Reconstruction of the zygomatic arch following injury is necessary for restoration of malar symmetry and support for the maxilla and masticatory loads. Repair of the zygomatic arch is usually performed in concert with repair of ZMC fracture stabilization. In 1999, Turk et al found that direct repair and plating of the zygomatic arch was not indicated in more than 1500 patients, secondary to spontaneous reduction with repair of other ZMC fracture components. If an aesthetic deformity is the product of an arch fracture or if trismus is present, direct repair and fixation are indicated.

As with any surgical endeavor, successful outcomes are the result of a planned approach that affords excellent exposure of the operative site and of the use of meticulous surgical technique. More specifically, repair of zygomatic arch fractures requires a precise reduction and definitive stabilization to ensure positive outcomes.

Fractures of the zygomatic arch have been approached by various methods.

Direct cutaneous approach

The least invasive approach is the direct cutaneous approach. This entails the placement of a bony hook, hemostat, or suture around the arch. Following this, the surgeon is able to reduce the fracture by applying lateral traction to the arch. Disadvantages include a lack of direct visualization of the bony insult, imprecise reduction, and a lack of fracture stabilization. The only advantage lies in the absence of a surgical incision and resultant cutaneous scarring.

Gillies approach

A 3-cm incision placed 4 cm superior to the zygomatic arch and posterior to the temporal hairline can be fashioned to allow direct access to the arch. This approach (ie, Gillies approach) allows accurate fracture reduction via a bimanual technique. After creating a skin incision, the dissection is carried down through the superficial temporal fascia and the temporalis muscle fascia (deep temporal fascia). A plane is carried forward, superior to the temporalis muscle to the zygomatic arch.

Once this conduit is created, a periosteal elevator is positioned beneath the zygoma. Lateral traction is placed on the elevator while the surgeon's free hand palpates the fracture site during reduction. Once hemostasis is ensured, the fascia and skin are closed in the usual fashion. Take care to close the wound with all layers reanastomosed to their respective anatomic partners. Advantages of the Gillies approach include a scar camouflaged by the patient's hair; accurate, bimanual fracture reduction; and a remote chance of injury to the temporal branch of cranial nerve VII.

Hemicoronal approach

The most invasive approach offering excellent visualization is the hemicoronal approach. This method is usually reserved for comminuted arch fractures, and the potential for insult to the temporal branch of the facial nerve is ever looming.

The initial skin incision traverses the scalp from the vertex of the skull to the helical root. Make the scalp incision at least 4 cm behind the hairline. Following incision of the scalp and superficial temporal fascia, the surgical plane must remain above the fascia of the temporalis muscle fascia (deep temporal fascia). As the zygoma is descended upon, a horizontal incision through the temporalis muscle fascia is created 2 cm superior to the zygomatic arch. A subperiosteal dissection permits excellent visualization and protects the facial nerve from inadvertent injury. Once the break has been remedied, the wound is meticulously closed in a layered fashion. Advantages include excellent visualization, accurate fracture reduction, and stabilization. Disadvantages include scarring, possible alopecia, and insult to cranial nerve VII.

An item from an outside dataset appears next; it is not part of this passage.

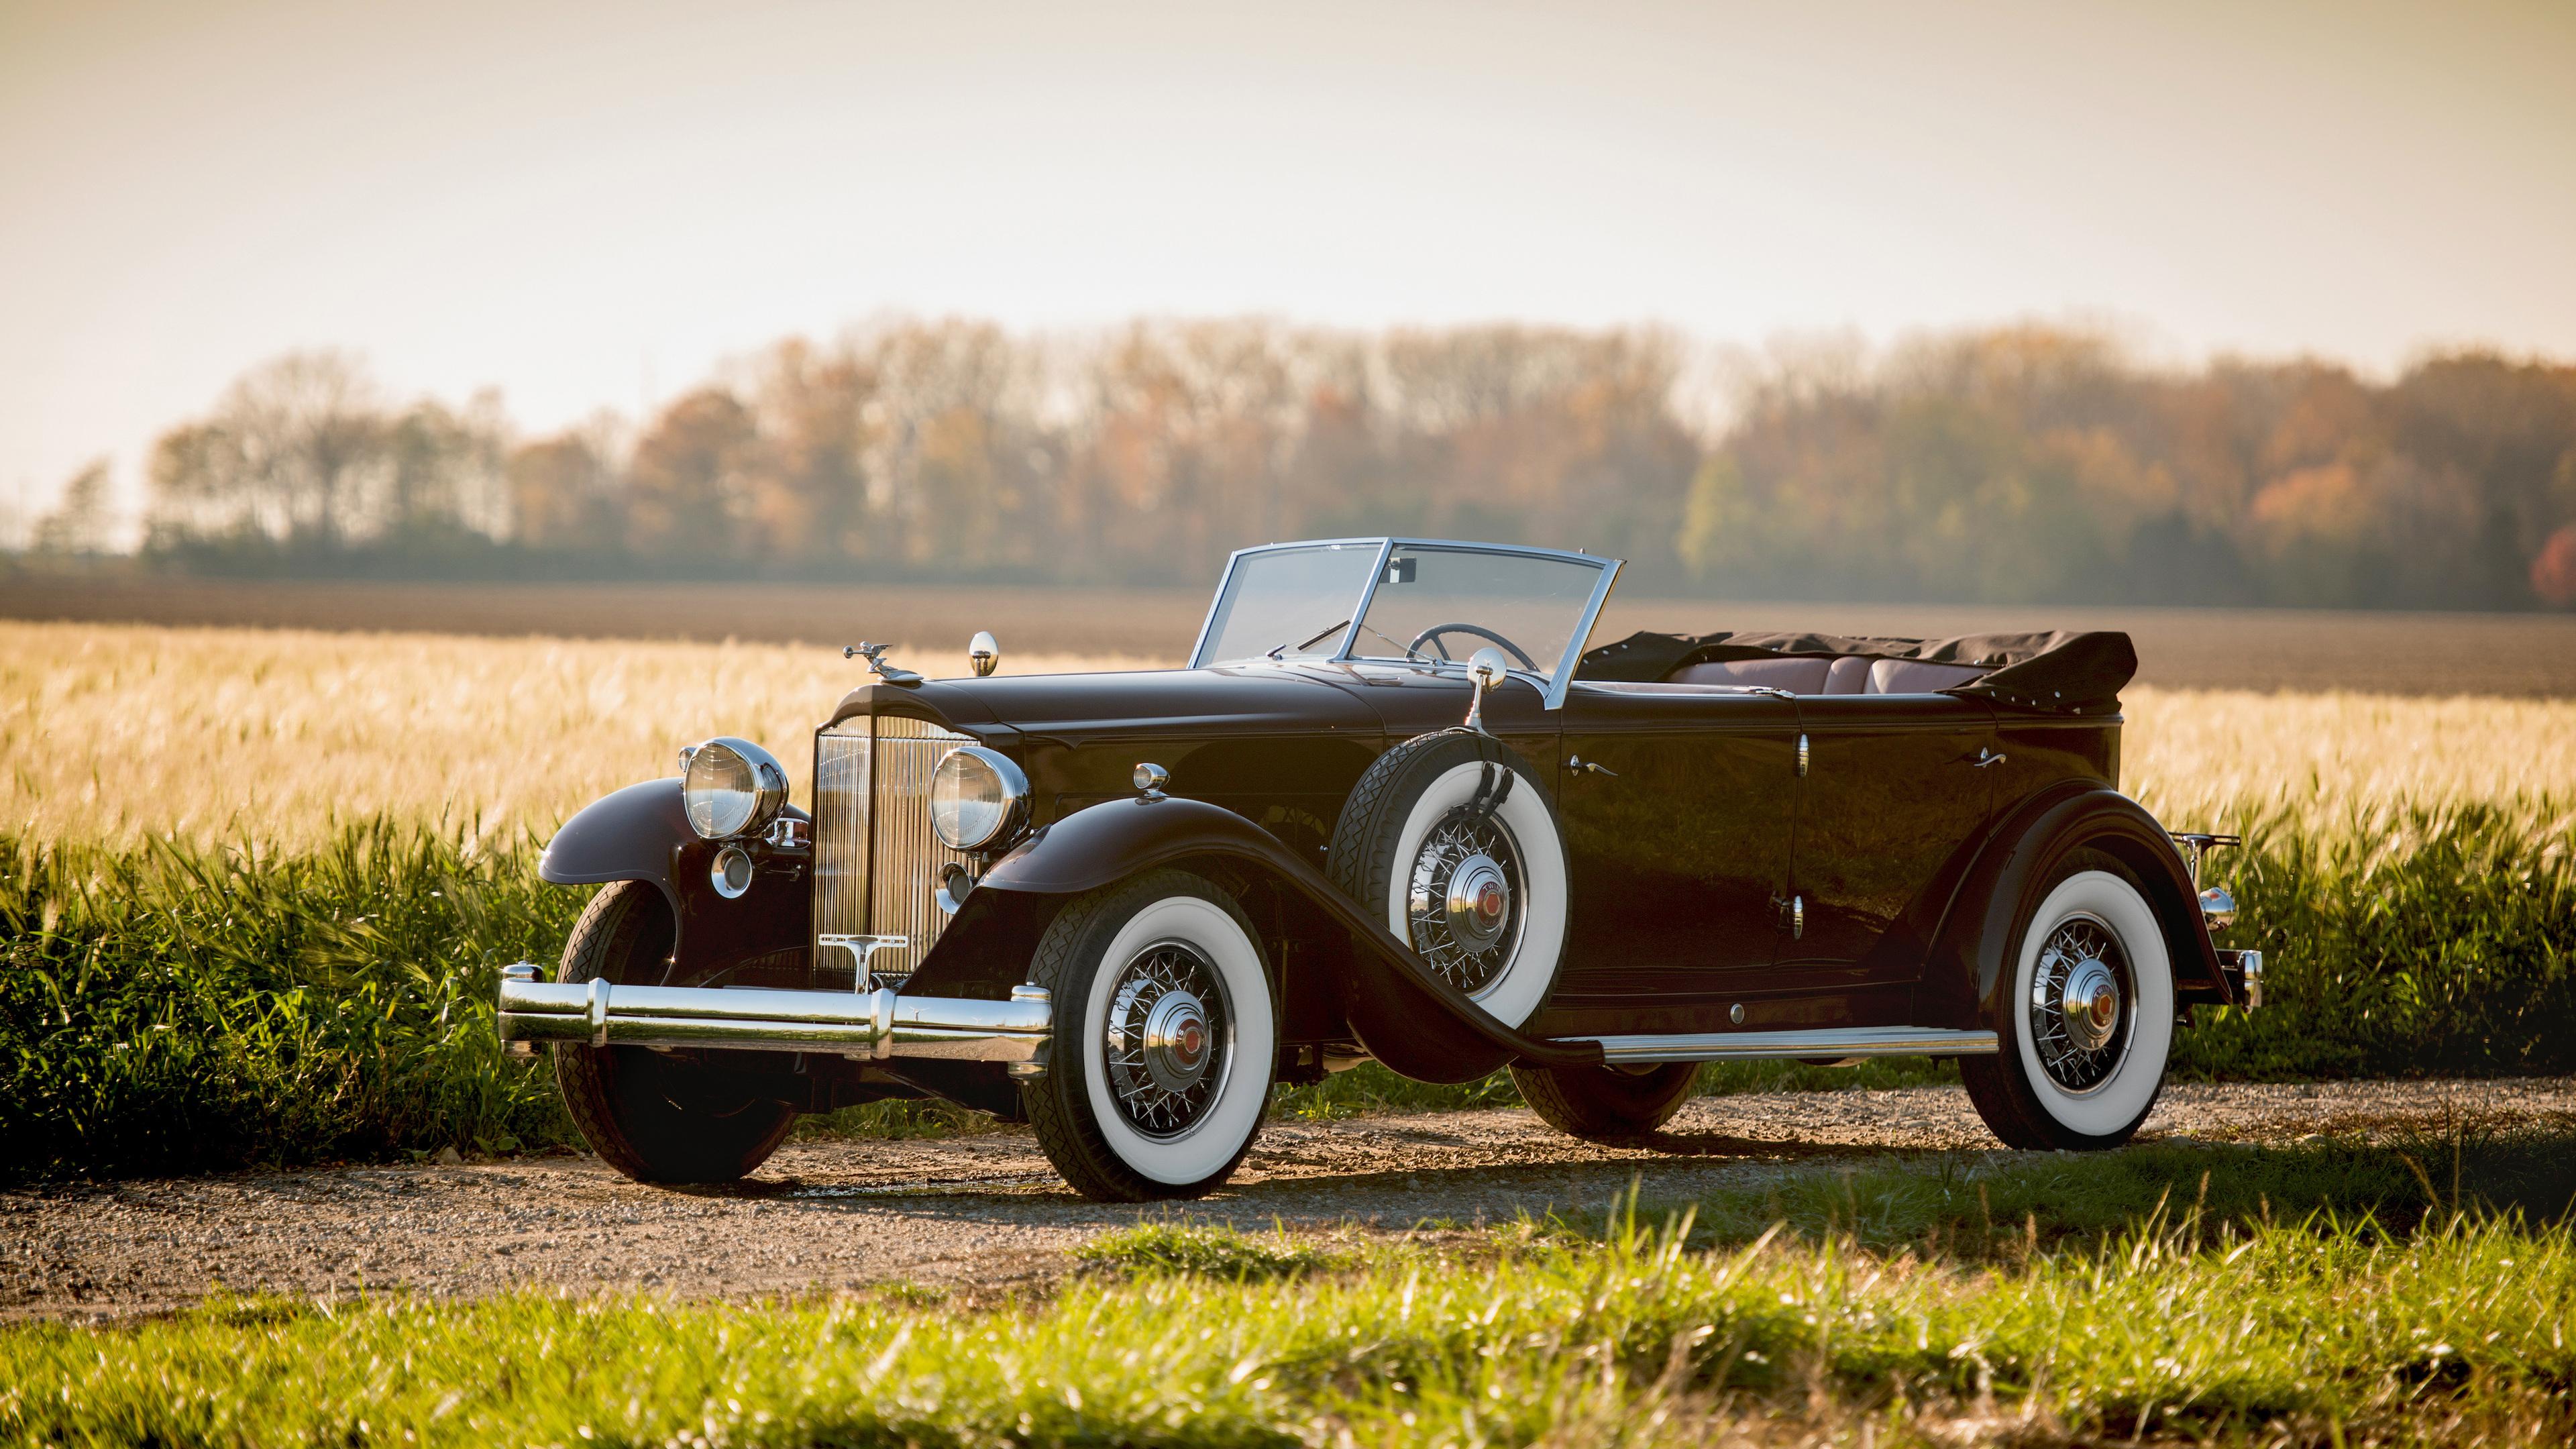 1932 packard twin six 4k 1539108025 - 1932 Packard Twin Six 4k - vintage cars wallpapers, hd-wallpapers, cars wallpapers, 4k-wallpapers

Open reduction and internal fixation is warranted with an unstable zygomatic arch, trismus, or diplopia secondary to muscle entrapment.

Following reduction, unstable zygomatic arch fractures may necessitate temporary support to allow for bony union. Several techniques have been described, including percutaneous snaring of the medial aspect of the arch fracture with a wire, which is cinched around a padded external splint. A temporal incision may be used to introduce packing, for instance a Foley catheter, which, when inflated, provides an internal buttress to align the fracture.

Preoperative Details

Before undertaking the repair, review and carefully document the complete knowledge of the patient's medical status and pertinent signs and symptoms pertaining to the injury. Taking photographs of the preoperative appearance of the patient is prudent.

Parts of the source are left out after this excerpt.